He flips the page, and it's covered in the same beautiful flowing cursive, but in black ink. He flips right by it. The next page is covered in black cursive writing, too, but the page after that is written in blue. He reads that one.

Today was a lot of fun. I got to try some different Midgardian foods — "candy," they call it, though it's not what I would usually think of when I hear the word. It's sweeter than anything I can think of from Asgard, and much of it has a wonderful fruity flavor.

Tony brought me to the grocery store, and I've never seen so much food in one place. It would very nearly put an Asgardian feast to shame, except that a feast is made of fully prepared food, which is more than can be said for the grocery store. We only went to get the ingredients to bake muffins, but I left with more fruit than anything else. I can hardly believe that Midgard has strawberries and apples and grapes. I haven't eaten them yet so I can't say whether they taste as I'd expect, but I look forward to trying them.

Otherwise, it was a rather mundane day. This type of stillness would have driven me to the brink of insanity on Asgard, but it was wonderful here. Everything is so much nicer on Midgard. I don't know if it's the novelty of it all, but I feel it has to be more than that. I can't see it changing any time soon.

I really ought to go back to bed. Tony is already asleep, and I'd hate for him to wake up and realize that I've left. I've just been eager to write something happy in this book. I hope there are more happy stories to follow.

Tony flips to the next page, and it is nothing but scribbles, blacking out every word he may have written. He remembers this one. It's from when he found Loki sobbing on the bathroom floor in the dead of night. And though the page is illegible, he knows exactly what dream was on it: a memory of the one dark, empty room Tony left him in while his body and his mind fell apart.

He flips past it. He doesn't need a reminder of how poorly this started — or how poorly it ended.

Tony and I just came back from a late-night walk.

I suppose that means I should try to go to sleep, but I don't want to risk falling back into another life-like nightmare, and Tony's already asleep so I imagine spending another few minutes in the bathroom won't bother him all too much.

This world is different at night. It feels more like home. I told this to Tony, but Midgard is so much louder and busier than Asgard is. Some of that seems to go away when the sun sets. It's still much more chaotic than Asgard, but it's closer to what I've grown accustomed to from h̶o̶m̶e̶  Asgard.

I wonder if I'll ever get used to Midgard. It's strange: I feel more comfortable here than in Asgard. Tony's tower feels so much more homely than the palace ever did, yet it feels wrong to truly call it home. This whole world feels so alien to me. I enjoy it, but I don't understand it. One day, I hope to. One day, I hope to be welcomed in this world with open arms and to call it my own the way I once did Asgard.

I finally told Tony what happened in Asgard. I don't know that I'd been avoiding broaching the topic so much as I've tried not to think about it, but the conversation seemed to lead to it and I thought it was about time he knew the truth of where I came from and why.
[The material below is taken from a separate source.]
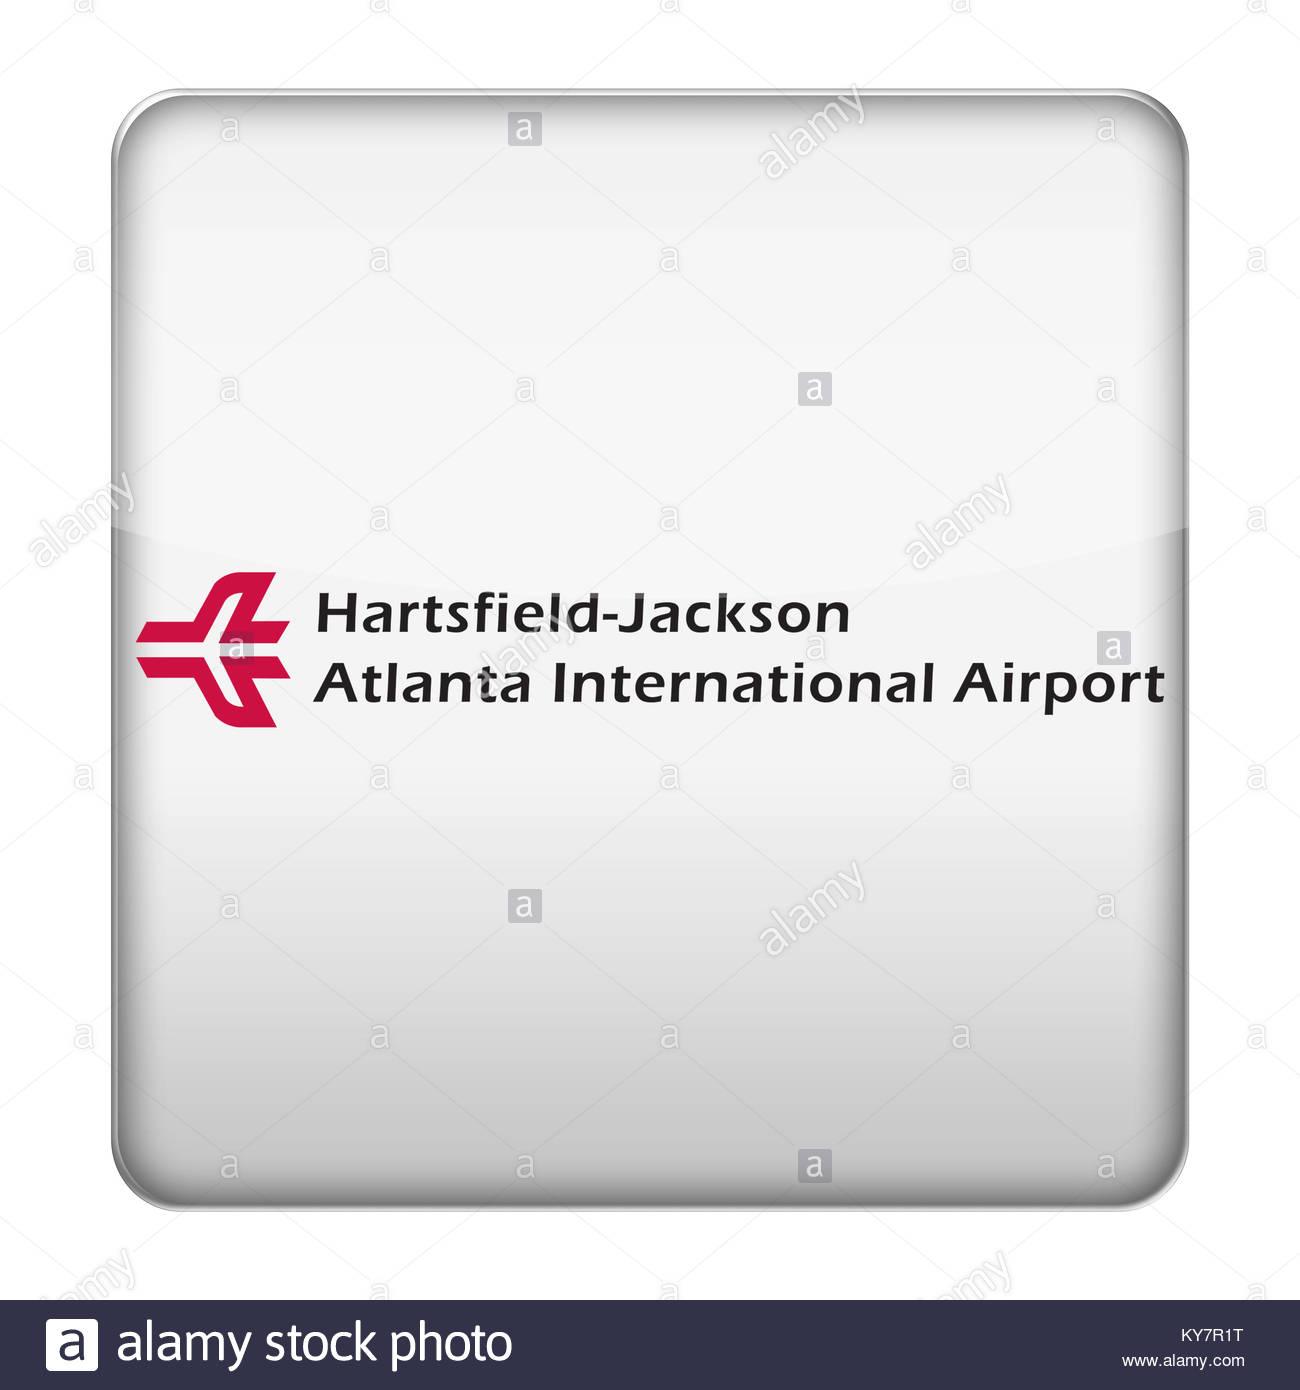 ATL - Hartsfield Jackson Atlanta International Airport icon logo - Stock Image

It was a weight off my shoulders that I didn't know I'd been carrying; a breath of fresh air I hadn't known I needed. Everything is out in the open now. He knows who I am and what I've done and he accepts me anyway, and that's perhaps the most wonderful feeling I've ever experienced.
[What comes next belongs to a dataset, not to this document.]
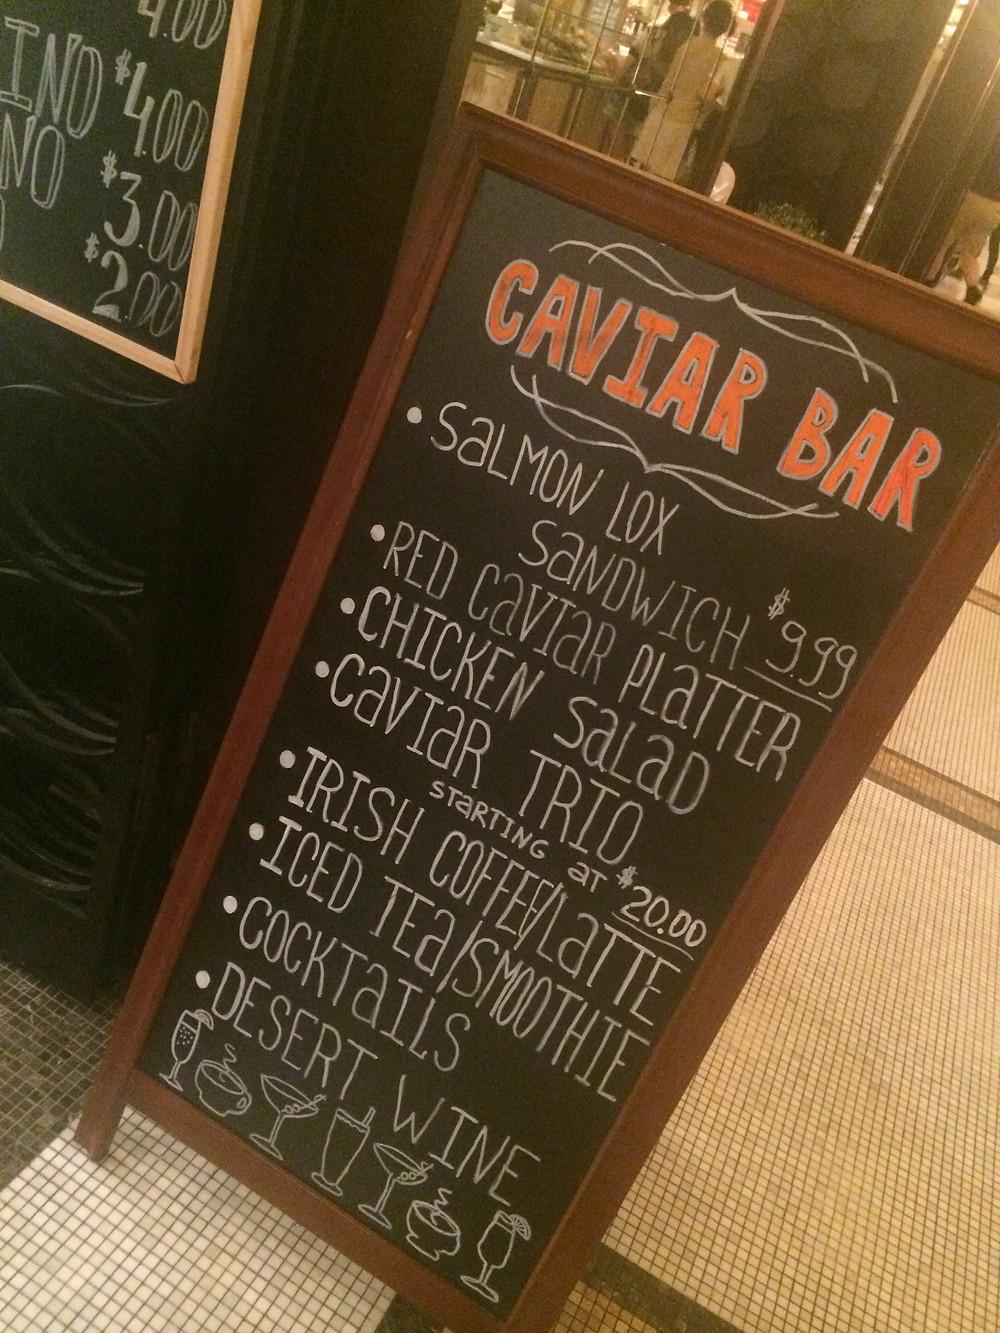 Olma Caviar Boutique 2.jpg

Tony, I don't mean this to be a way to forcefully reopen the conversation, or, worse still, to close it if you have more to say. I know that was a lot to absorb, and if you decide after you've had time to think about it that there's more you'd like to discuss, I have no issue with that. My entire life fell apart in the blink of an eye, and you've been there to pick up the pieces for quite literally as long as I can remember. The least I can do is tell you the truth, as much as you'd like to hear it.